Dreams are enshrined in the biblical literature of Jewish people; our patriarch Jacob dreamed of a ladder with angels ascending and descending, generating over thousands of years a multiplicity of interpretations. Jacob’s angels were emissaries of God,  bringing divine light from above and also demonstrating it is possible for our better angels to ascend to great heights.

Ittay Flescher, the Israeli-Australian author of The Holy and the Broken, also dreams of a pathway traversing the Holy Land, a potential road for peace leading Palestinians and Israelis through a landscape shared in harmony and safety. Who wouldn’t applaud such a dream if it were to be fulfilled in an ideal world?

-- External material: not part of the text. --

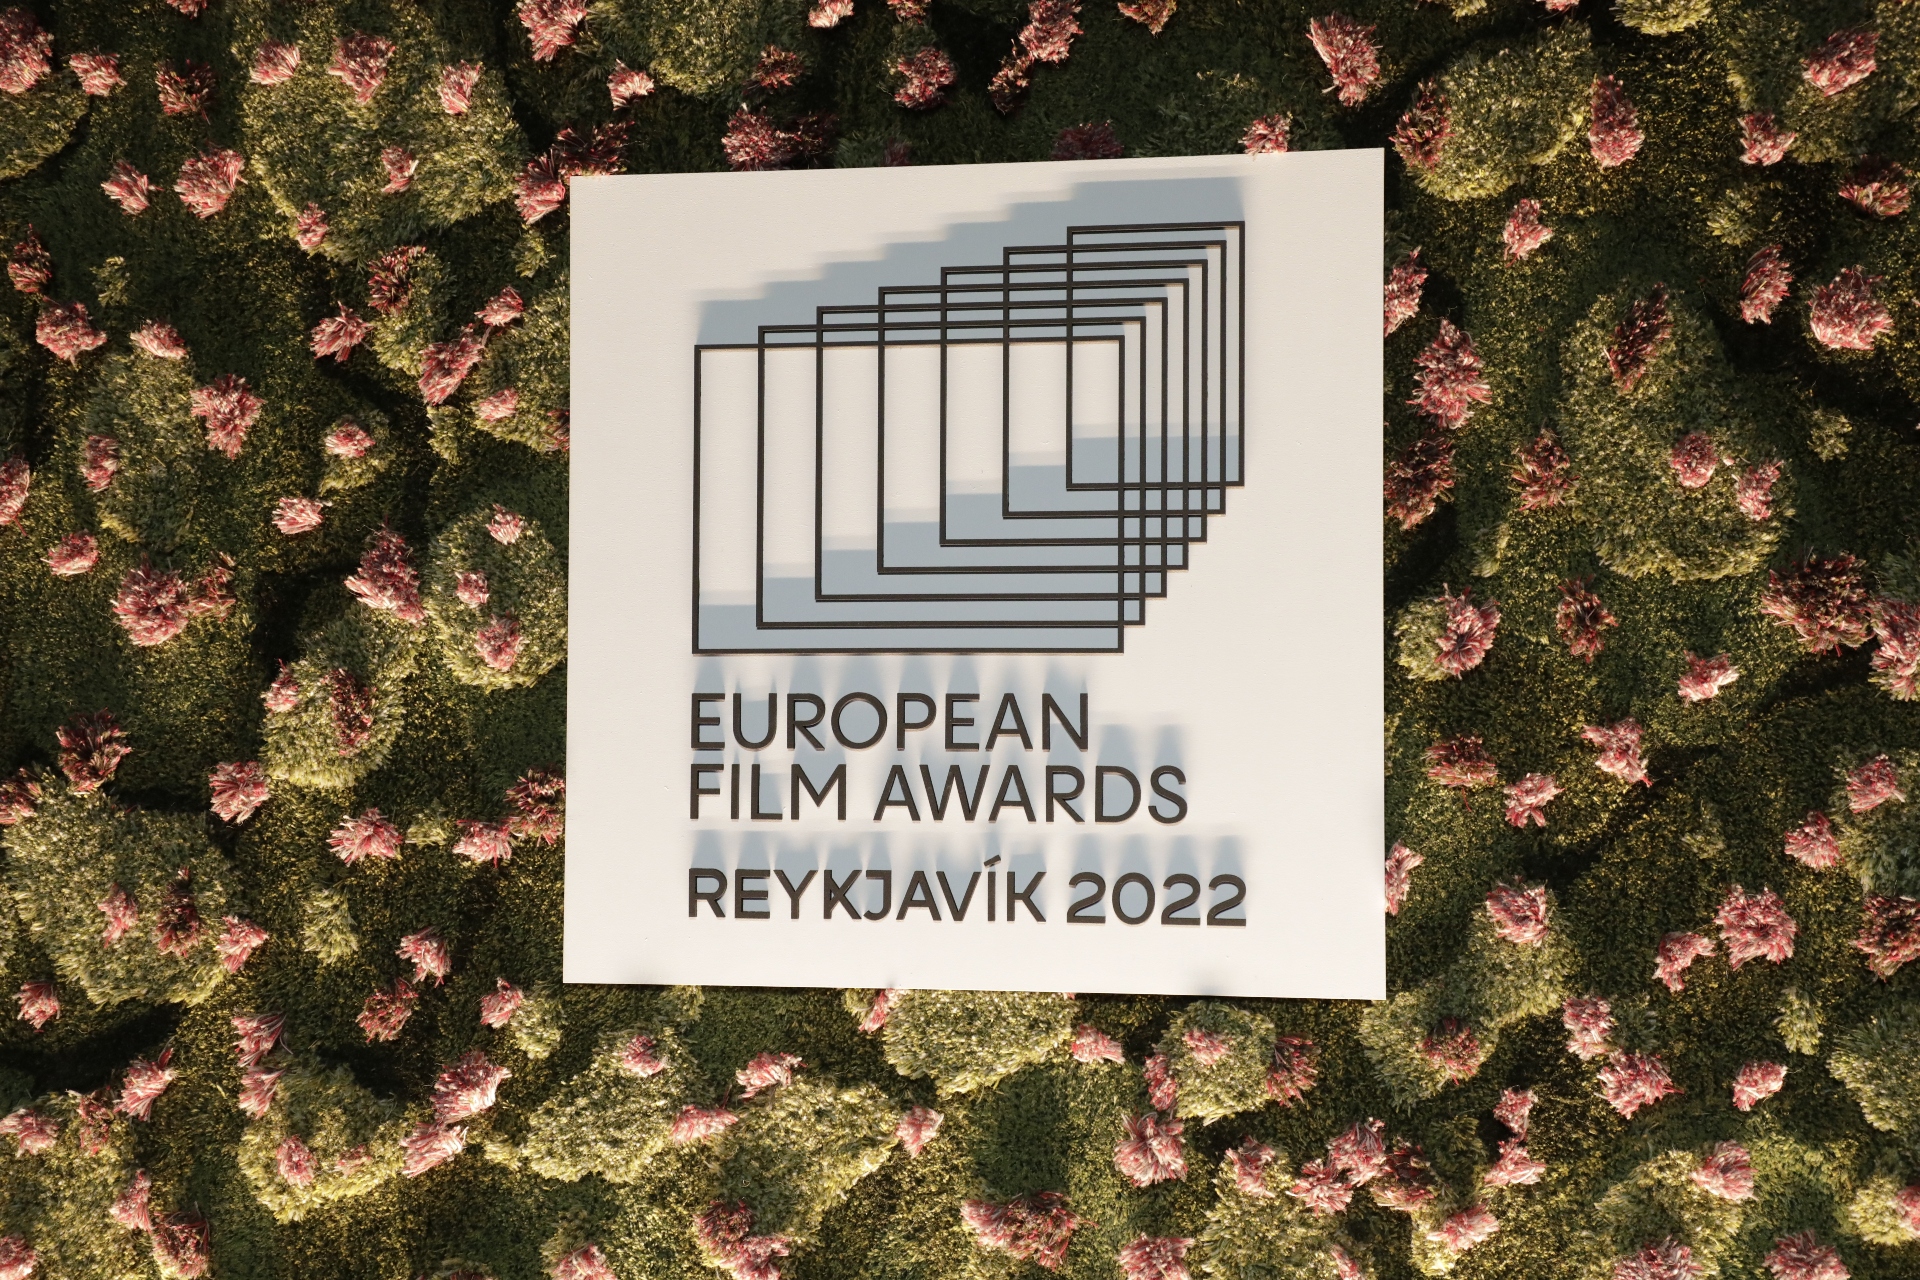 European Film Awards wall (Photo by Sebastian Gabsch)
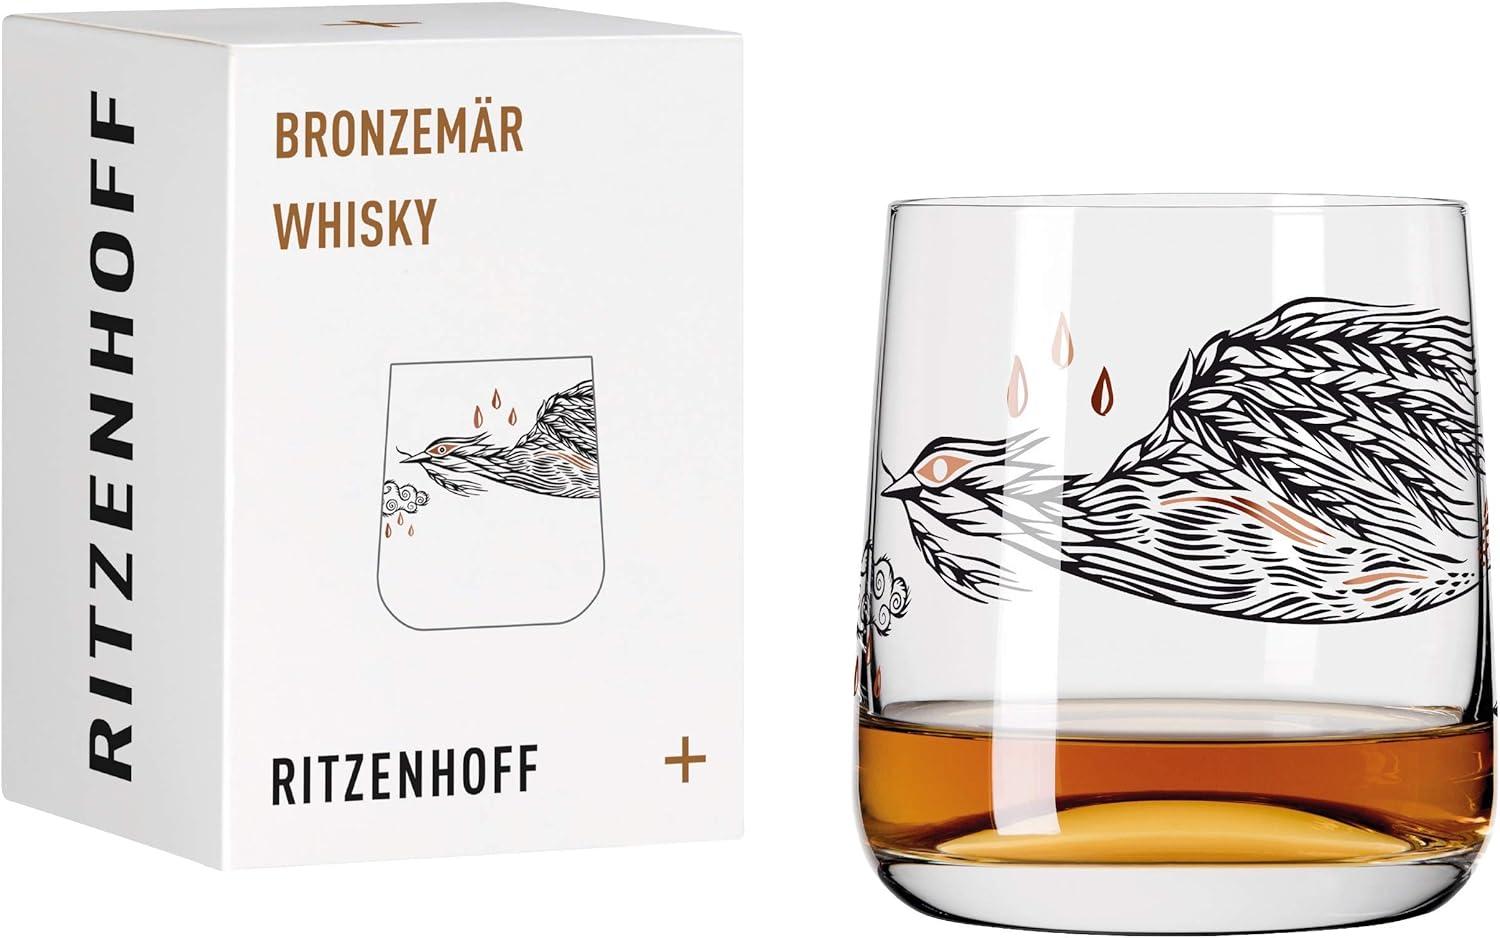 Ritzenhoff Bronzemär Whisky 002 Hajek 2017 / Whiskyglas Bild 1

Flescher notes, ‘There are many reasons why I need to believe that peace is possible. If it is a choice between holding on to this distant dream or accepting that our fate is an endless war, as most in Israel do. I believe the Jewish story propels us to choose and believe in the good option, the option that affirms life and the best in humanity. If we choose the other option, peace will elude us.’

The struggle between Israelis and Palestinians, he writes, seems never-ending; but he takes heart from the successful resolution of seemingly entrenched and intractable conflicts elsewhere in the world: the Camp David Accords in 1978 ensured a lasting peace between Israel and Egypt; the Dayton Peace Agreement in 1995 ended the Bosnian/Herzegovina war; the 1992 Chapultepec Peace Accords ended the Salvadoran civil war; negotiations ended apartheid in South Africa; peace and reconciliation followed the Rwandan genocide; and the emergence of the European Union ensured the abolition of border controls and checkpoints across 29 countries. According to Flescher, ‘even the most horrific conflicts can end when those affected decide that they can resolve their differences and achieve their political aims through better means’.

Born in Israel but growing up in Australia, Flescher’s family background and mentors, educational qualifications and professional experience as a high-school educator all equipped him to envision and work towards a roadmap for peace in Israel and the Palestinian territories. From his days as a teacher in several schools across Melbourne, he has been preoccupied with the resolution of conflicts and viable prospects for peace. With his return to Israel in 2018, he was appointed education director of Kids4Peace in Jerusalem, an international NGO founded in 2002, which merged in 2020 with Seeds of Peace. Kids4Peace brings together Israeli and Palestinian teenagers—Muslim, Jewish and Christian—in a bi-weekly dialogue program conducted in Hebrew and Arabic. The organisation reflects Flescher’s own mission of peacebuilding, the promotion of tolerance, understanding and the creation of non-violent solutions, bringing justice and equality for all. He believes that graduates of this program enter adulthood prepared for the toughest issues, ‘building trust, exchanging ideas respectfully and confronting a generational conflict together’.

And then Hamas invaded Israel on 7 October 2023. In the morass of warfare and polarised debate that followed, Flescher spoke with friends in media and politics to find out whether Israel had a plan. ‘I deeply wanted Hamas defeated, knowing that there could not be real peace for either Palestinians or Israelis under Hamas’s theocratic and repressive rule…Who would replace Hamas? There is no opposition party in Gaza. The Palestinian Authority, which is widely viewed by Palestinians as corrupt and ineffective in both opposing Israel and governing Palestine, would certainly not be welcomed there, and Israeli occupying forces remaining permanently would turn this event from Israel’s 9/11 into Israel’s Vietnam’. The war severely impacted his work with Kids4Peace and dented his confidence. He writes, ‘I too was beginning to wonder whether Kids4Peace was an illusion after witnessing the horrors of October 7’.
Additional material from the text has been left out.